## [Task details]
To answer, print the line containing "brivona-medical-website-template" and each line after it in the listing below, exactly as they stand.

## [Dataset extract]
_ _ _ _ _ _ _
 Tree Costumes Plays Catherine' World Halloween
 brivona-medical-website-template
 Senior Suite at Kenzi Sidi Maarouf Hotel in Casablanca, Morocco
_ _ _ _ _ _ _
## [Output of the task]
 brivona-medical-website-template
 Senior Suite at Kenzi Sidi Maarouf Hotel in Casablanca, Morocco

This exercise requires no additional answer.